Friday, April 10, 2009

When "Centrist" Dem. Senators Tell Obama he is TOO IN-BED with BIG BANKSTERS.... you have crossed in to "Mad Hatter's Tea Party" territory....

Then Senator Obama PROMISED Americans "CHANGE" when he was campaigning for President, but since becoming president, on THE ISSUE that underscores the entire state of America this 2008-2009... America's ECONOMIC CRISIS - President Obama appears to be SO BLATANTLY IN BED with the BIG BANKSTERS who RULE Wall Street, that EVEN THE SUBSERVIENT, OBEDIENT to big-money DEMOCRAT SENATORS have announced their concern!! We can't possibly emphasize enough how BOTH parties in the Senate - Democrat AND Republican - are OWNED by the Big Financial companies, many of whom would be BANKRUPT if not for the Bush-Paulson-Pelosi 700-BILLION-dollar BAILOUTS of September 2008, followed by President Obama's OWN 800-BILLION-dollar bailout of March 2008. And of course the DEMOCRAT Senators VOTED FOR those HUNDEREDS-of-BILLIONS of dollars of NO OVERSIGHT bailouts.
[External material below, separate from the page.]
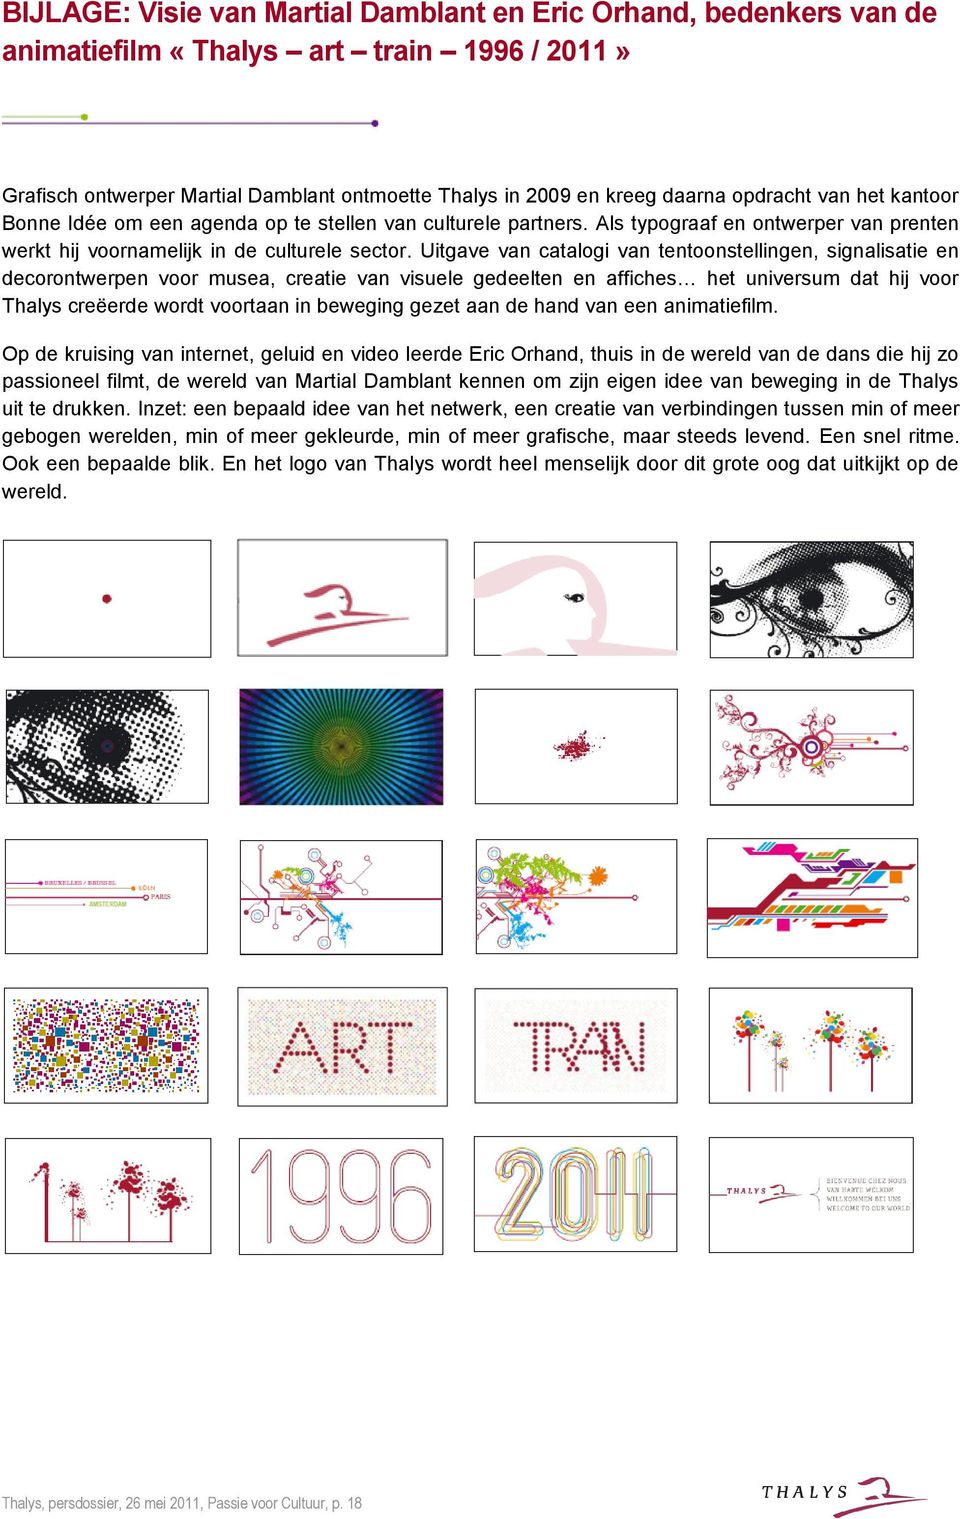 Uitgave van catalogi van tentoonstellingen, signalisatie en decorontwerpen voor musea, creatie van visuele gedeelten en affiches het universum dat hij voor Thalys creëerde wordt voortaan in beweging

Even the BOUGHT-and-PAID-for corporate "Democrat" SENATORS are becoming concerned about JUST HOW BLATANTLY Mr. Obama has BETRAYED his pledge to "CHANGE" the way those Banksters & Financial predators who landed America IN THIS ECONOMIC CRISIS do business.
Wall Street Digs In
by Michael Hirsh, Newsweek, April 10, 2009
http://www.newsweek.com/id/193360

Not long ago, a group of skeptical Democratic senators met at the White House with President Obama, his chief economic adviser, Larry Summers, and Treasury Secretary Tim Geithner. The six senators—most of them centrists, joined by one left-leaning independent, Vermont's Bernie Sanders—said that while they supported Obama, they were worried. The financial reform policies the president was pursuing WERE NOT GOING FAR ENOUGH, they told him, and the people Obama was choosing as his REGULATORS, were NOT going to CHANGE THINGS fundamentally enough. His appointed officials and nominees were products of the very system that brought us all this economic grief; they would tinker with the system but in the end leave Wall Street, and its practices, mostly intact, the senators suggested politely. In addition to Sanders, the senators at the meeting were Maria Cantwell, Byron Dorgan, Dianne Feinstein, Carl Levin and Jim Webb.

That March 23 gathering, the details of which have gone largely unreported until now, was just a minor flare-up in a larger battle for the future—one that may already be lost. With the financial markets seeming to stabilize in recent weeks, major Wall Street players are digging in against fundamental changes.